The translation of the word »criminality« (lat.: crimen), which comes from Latin, reflects the problems that seem to make (or make impossible) the use of the term as a fixed category. Accusation and guilt, are two of the translations. Both refer to one and the same term, but start from two different facts and perspectives. Crime as a fixed category to describe various »offences« is too short and abstract a category to describe the phenomena behind actions. People and their actions that are described as criminal are criminalised. An attribution is often made on the basis of characteristics that do not describe the facts of the crime and shorten it. Thus, responsibility is pushed solely into the care of the person who committed the act.

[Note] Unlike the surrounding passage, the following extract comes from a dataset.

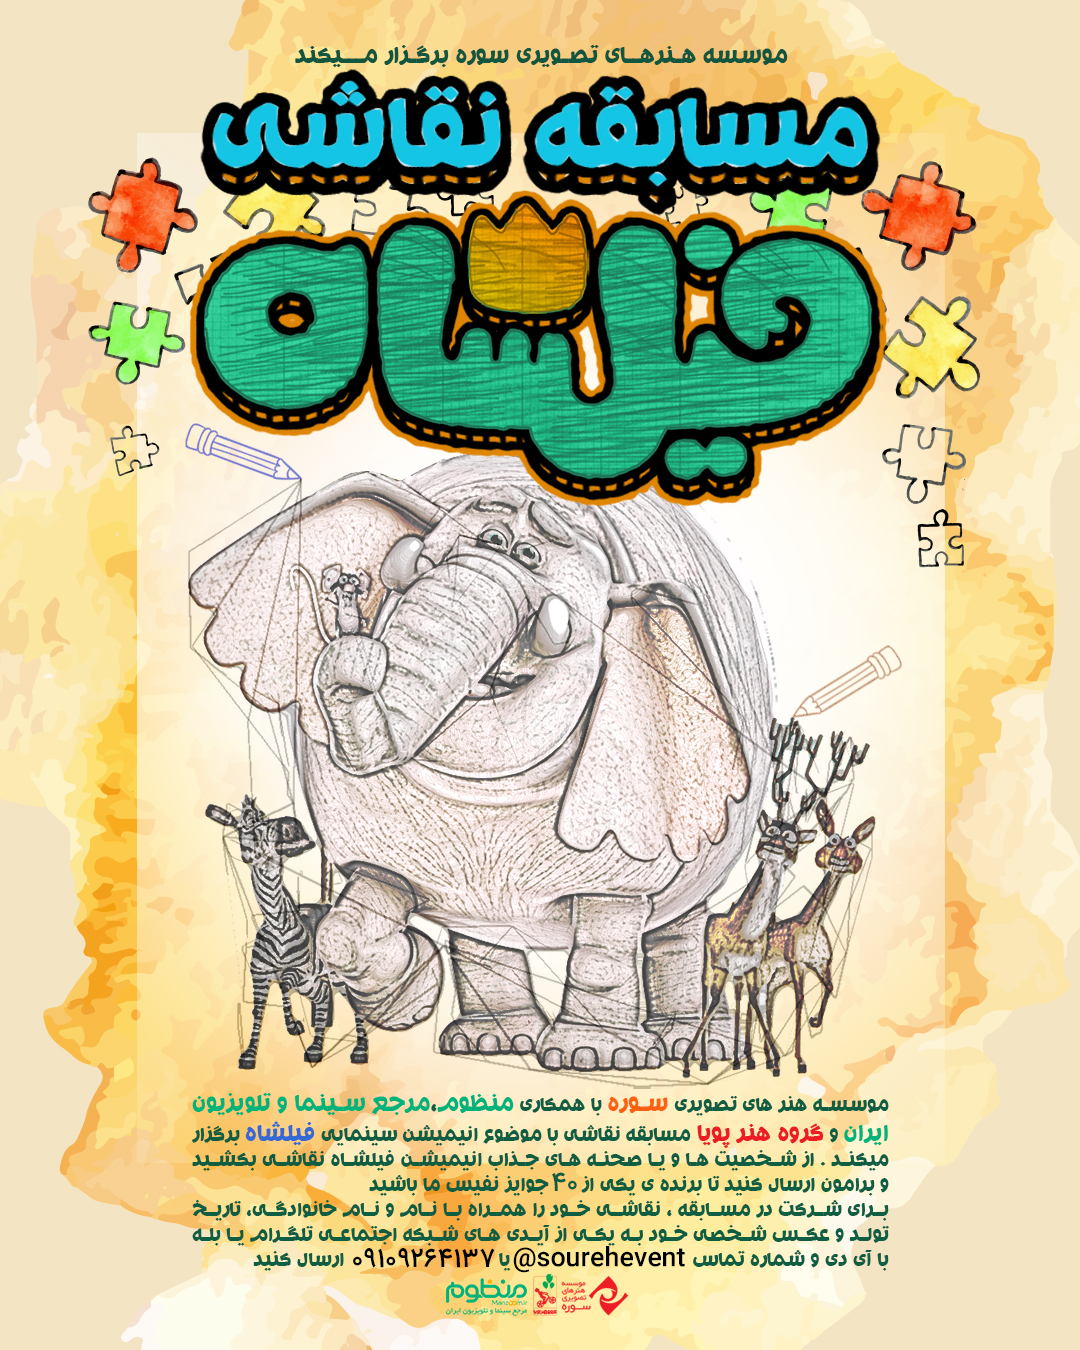 پوستر فیلم سینمایی فیلشاه به کارگردانی هادی محمدیان

»Social knowledge about ‘crime and punishment’ is also about removing certain phenomena from comprehensibility. It is easiest to punish and exclude when as little as possible is known about the people and the actions at stake. The event or the person is thus made incomprehensible and unintelligible, but can be ›explained‹.«

Therefore, it is inevitable to question the norms by which we define “criminal” behaviour. The control bodies that define behaviour as criminal must also be critically examined in order to make it possible to experience the background of this definition as non-fixed categories.For »law« and »justice« are also categories whose interpretations are in a state of flux and which relate to social changes.What was defined as punishable until a few years ago is no longer in the catalogue of acts that are defined as criminal.